Busting boredom: not an easy task

We’ve just switched over to summer time. New Zealand moves to winter time next weekend. The combined two-hour time shift will make it a bit harder to contact Mum and Dad between now and October. In the meantime I should get to see them in the flesh. Still no guarantees there. For Mum it’s very up and down, hit and miss, and she still keeps pretending things are OK. Her sister-in-law, for whom Mum has a lot of respect, has been a big help – it’s largely down to her that she’s seeing the doctor tomorrow. I just know how Mum will be at the doctor’s. Just a bit of pain, nothing much really, I don’t suppose there’s much you can do, I won’t keep you long, I know you’re busy.

I’ve got one lesson today, a Sunday, which should take my total for the week to 28½ hours – just under my target. This lesson is with a woman in her late forties. Yesterday I had lessons with four females aged between 8 and 48, so this weekend is entirely boy-free. On Thursday I had a lesson with an 11-year-old girl that I’d like to forget. I was teaching her directions when I saw out of the corner of my eye that she’d written something on the map I’d given her.
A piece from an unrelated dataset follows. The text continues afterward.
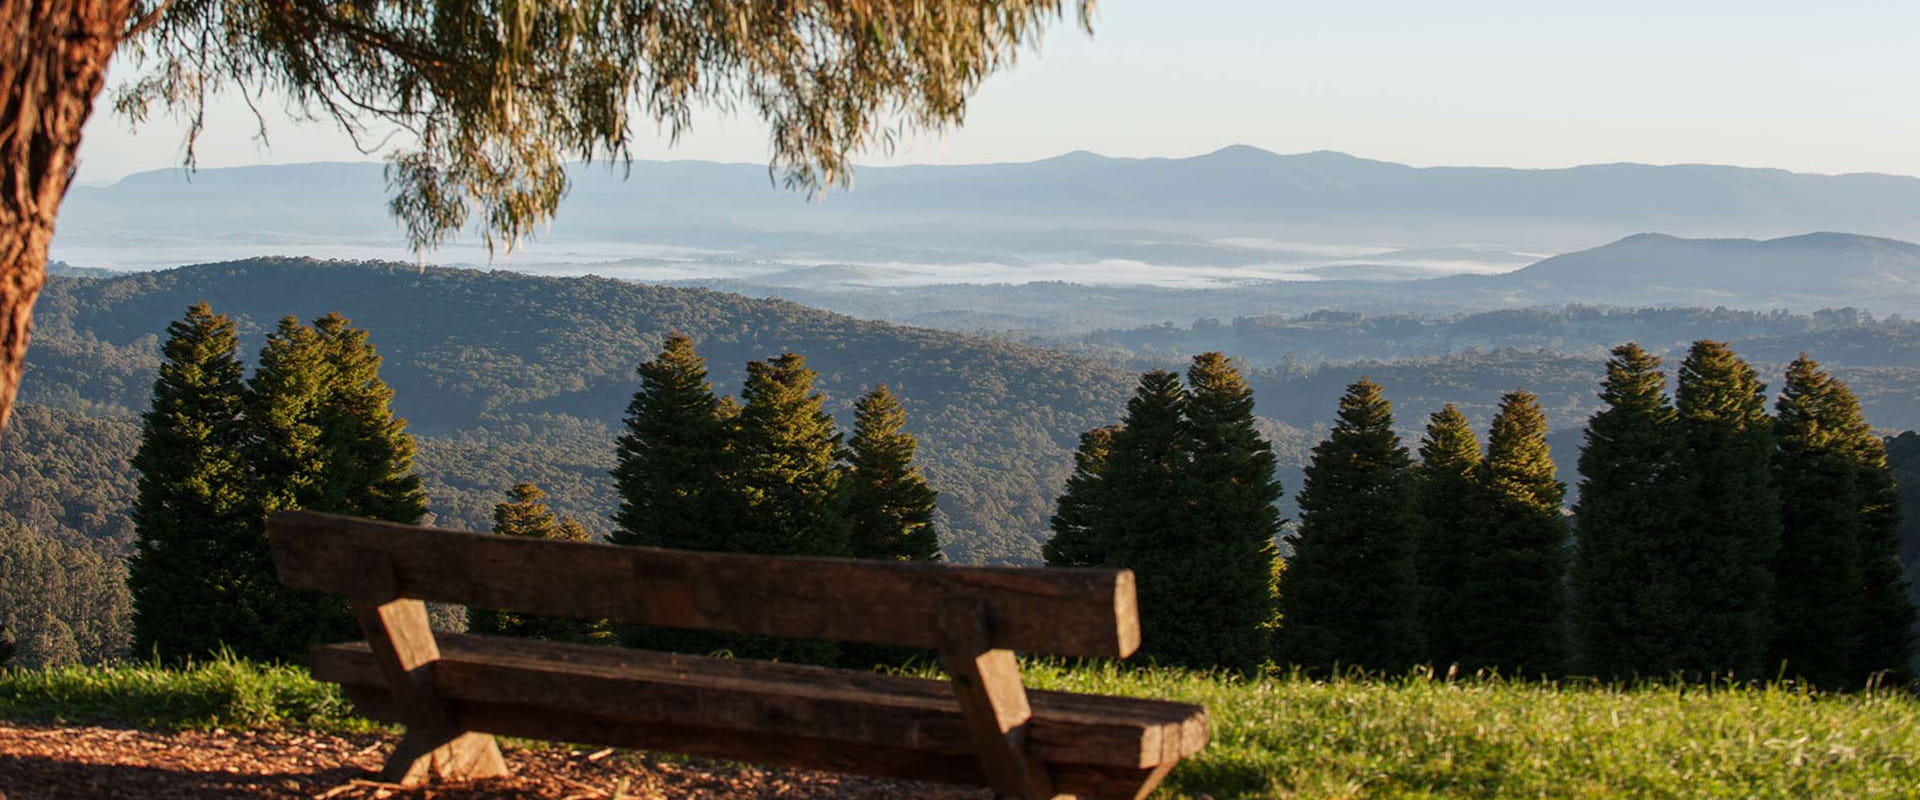 A spectacular view of the Dandenong ranges from a treelined wooden seat

Mă plictisesc. “I’m bored.” I told her that writing something like that isn’t very nice and she doesn’t have to see me if she doesn’t want to. In fact I said that if she did something like that again, it’d be over. I’d tell her mum that she’s not to come anymore. She then put her serious face on. When she said she had too much schoolwork and homework and private tuition in other subjects, I sympathised. She’s a victim of Romania’s pretty terrible education system. It means that I can make my lessons as unboring as possible and it’s unlikely to make much difference. A “highlight” of our session was when I gave her (for the first time) a writing exercise. A choice of three options to write about, including a time machine, which she chose. I hoped she’d write about the dinosaur age or flying cars, but she said she’d use her time machine to zip forward to … next week. Tech and social media makes a teacher’s task even harder. Say I’m teaching a girl who’s really into horses. I can include as much horse-related stuff as I like in my lessons, but she’ll still just want to watch horse videos on TikTok.

One thing that came out of that awful Signal group chat (leaked last week) was the US government’s hatred for Europe. If it wasn’t already obvious, that exchange confirmed that they really despise Europe and everything it stands for. That includes the UK. The “special relationship” was always tenuous as best and is now positively dangerous. As for visiting the US, I’m glad I did that ten years ago because I certainly wouldn’t do it now. There’s so much about America now that I find abhorrent. Having read American Psycho (which contained a whole lot of Trump from 35 years ago), I see that America is turning, at a rate of knots, into a crass Batemanised version of itself. Only straight, rich, white males matter. Anybody else is no more than an object. And straight, rich, white males who aren’t unquestioningly loyal to you are threats that must be eliminated.